One step closer to bendable tech and folding the tablet into your pocket

The LG G Flex phone. Ethan Miller/Getty Images

South Korean scientists have made fully bendable smartphone closer to reality by creating a prototype of a thin film which keeps its useful electric and magnetic properties even when highly curved.

They say this could one day enable new wearable devices such as health monitoring equipment or virtual reality attire.

An electron microscope image shows tiny nanoparticles of bismuth ferrite embedded in a polymer film. The film enhances the unique electric and magnetic properties of bismuth ferrite and preserves these properties even when bent. Image: YoungPak Lee/ Hanyang University.

The researchers describe the film in a paper published in the journal Applied Physics Letters.

Flexible electronics have been hard to manufacture because many materials with useful electronic properties tend to be rigid.

A team of physicists and engineers from South Korea used bismuth ferrite (BiFeO3) — one of the most promising materials whose electronic properties can be controlled by a magnetic field.

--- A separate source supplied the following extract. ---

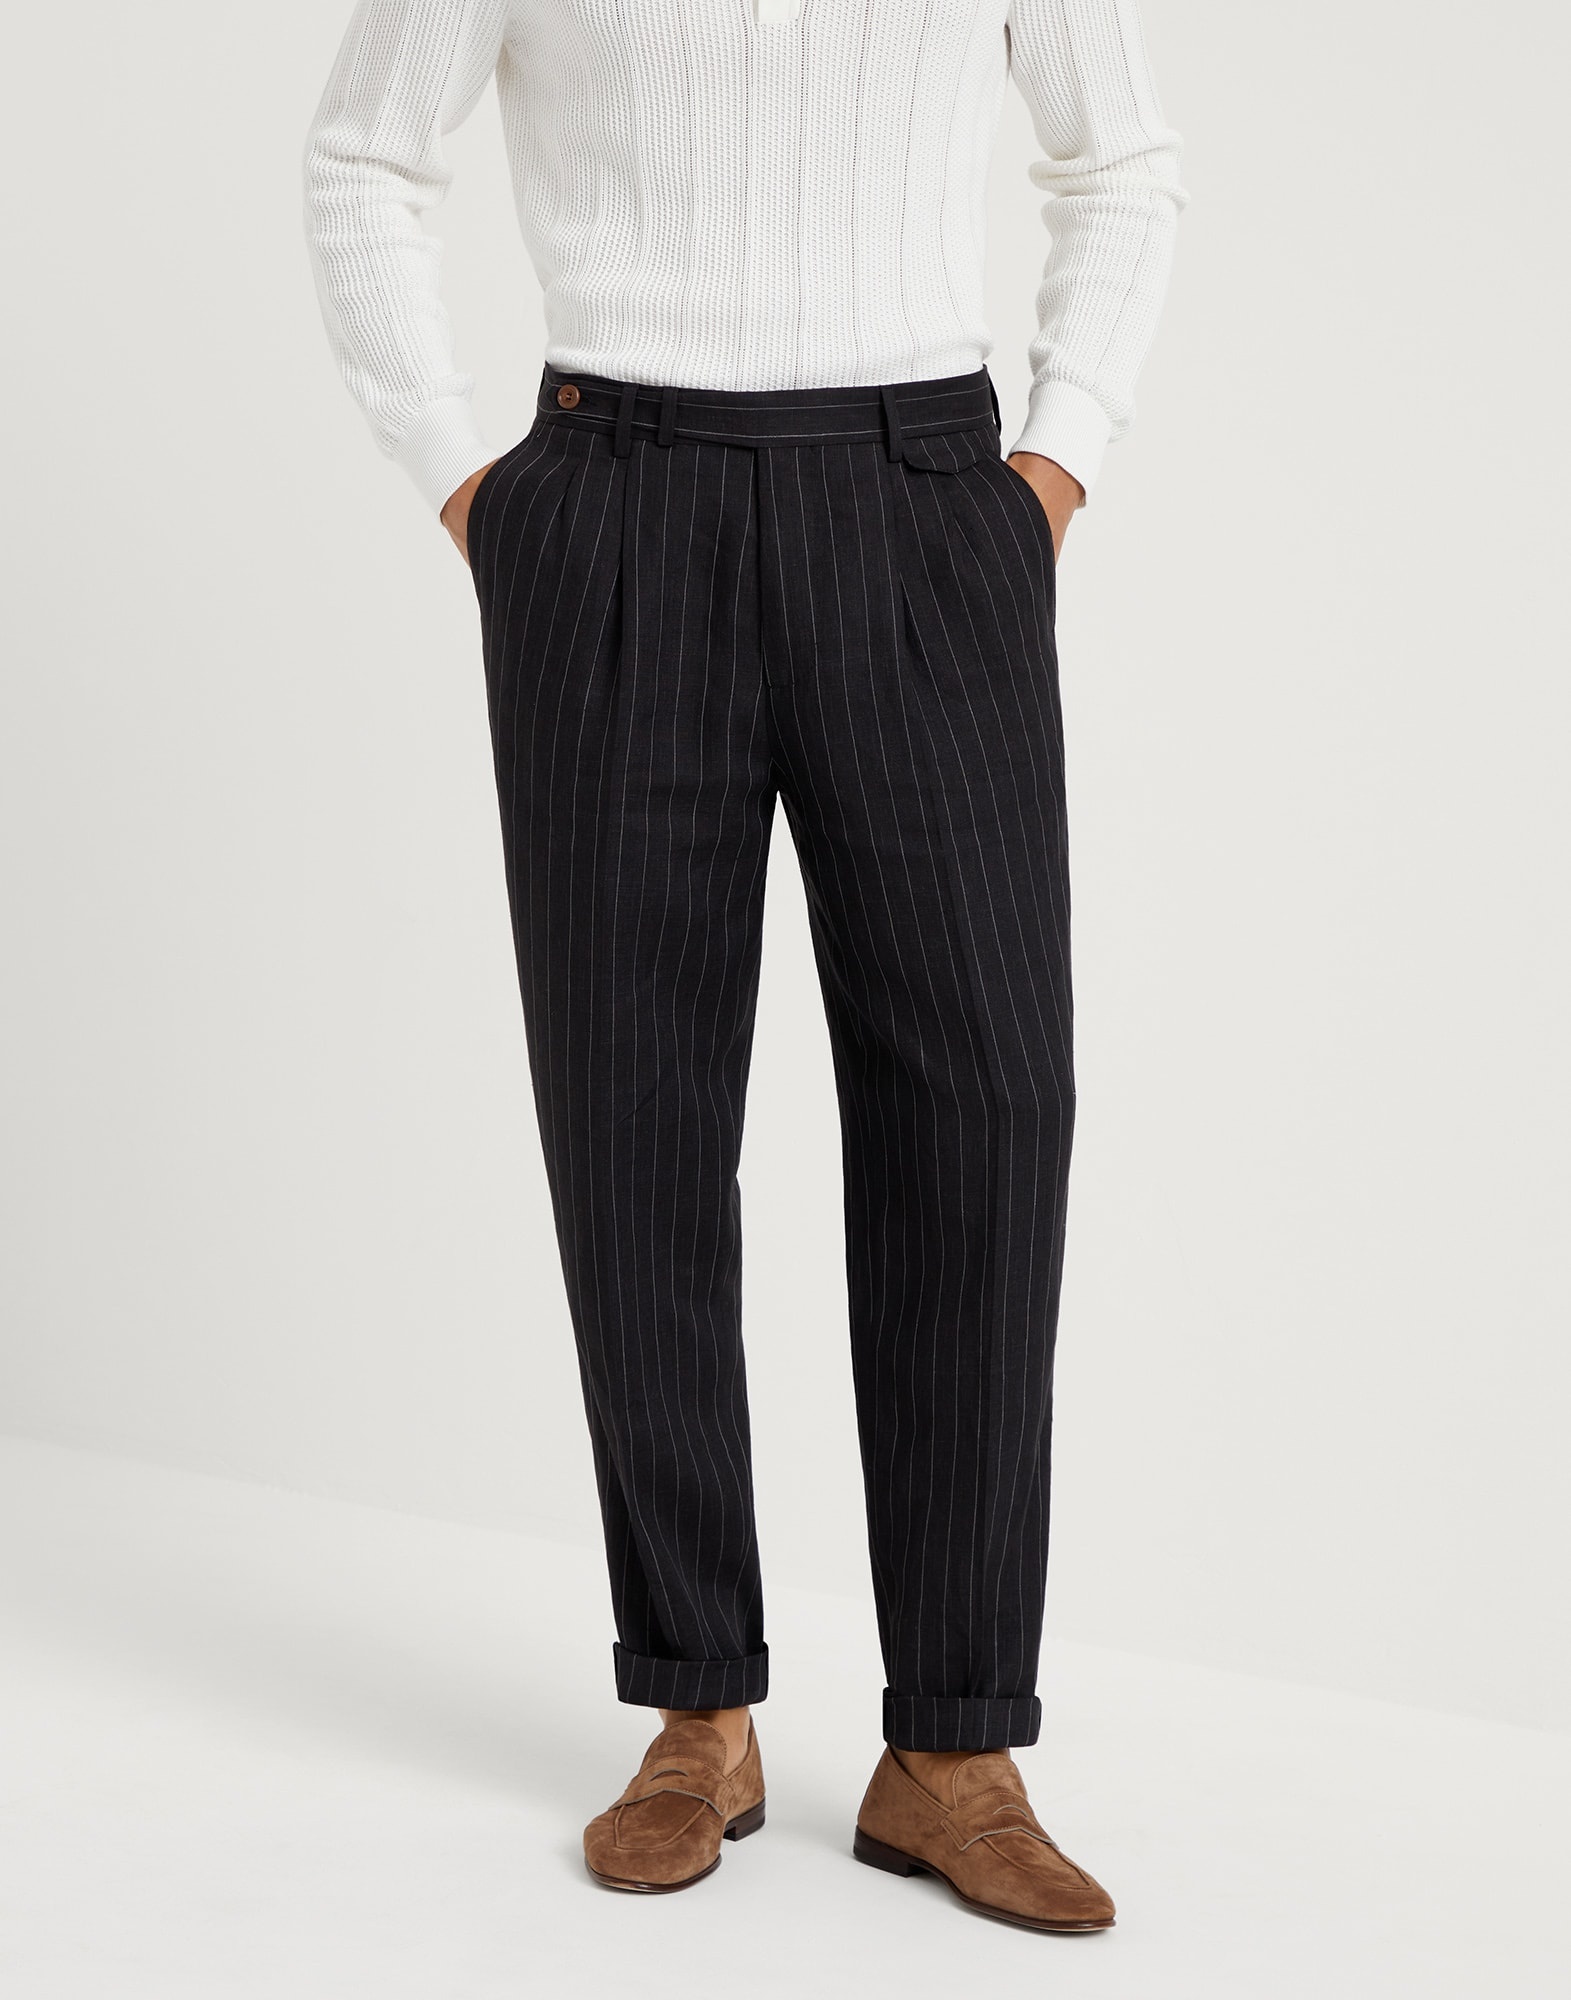 Linen chalk stripe leisure fit trousers with double pleats and tabbed waistband - 1

The researchers synthesized nanoparticles of bismuth ferrite and mixed them into a polymer solution. The solution was dried in a series of steps at increasing temperatures to produce a thin, flexible film.

When the researchers tested the electric and magnetic properties of the film they found their new material did much more than preserve the useful properties of bulk bismuth ferrite — it made them better.

The improved properties remained even as the film was curved into a cylindrical shape.

YoungPak Lee, a professor at Hanyang University in Seoul, says flexible multiferrorics could enable new wearable devices.

The researchers are working to further improve their multiferroic properties.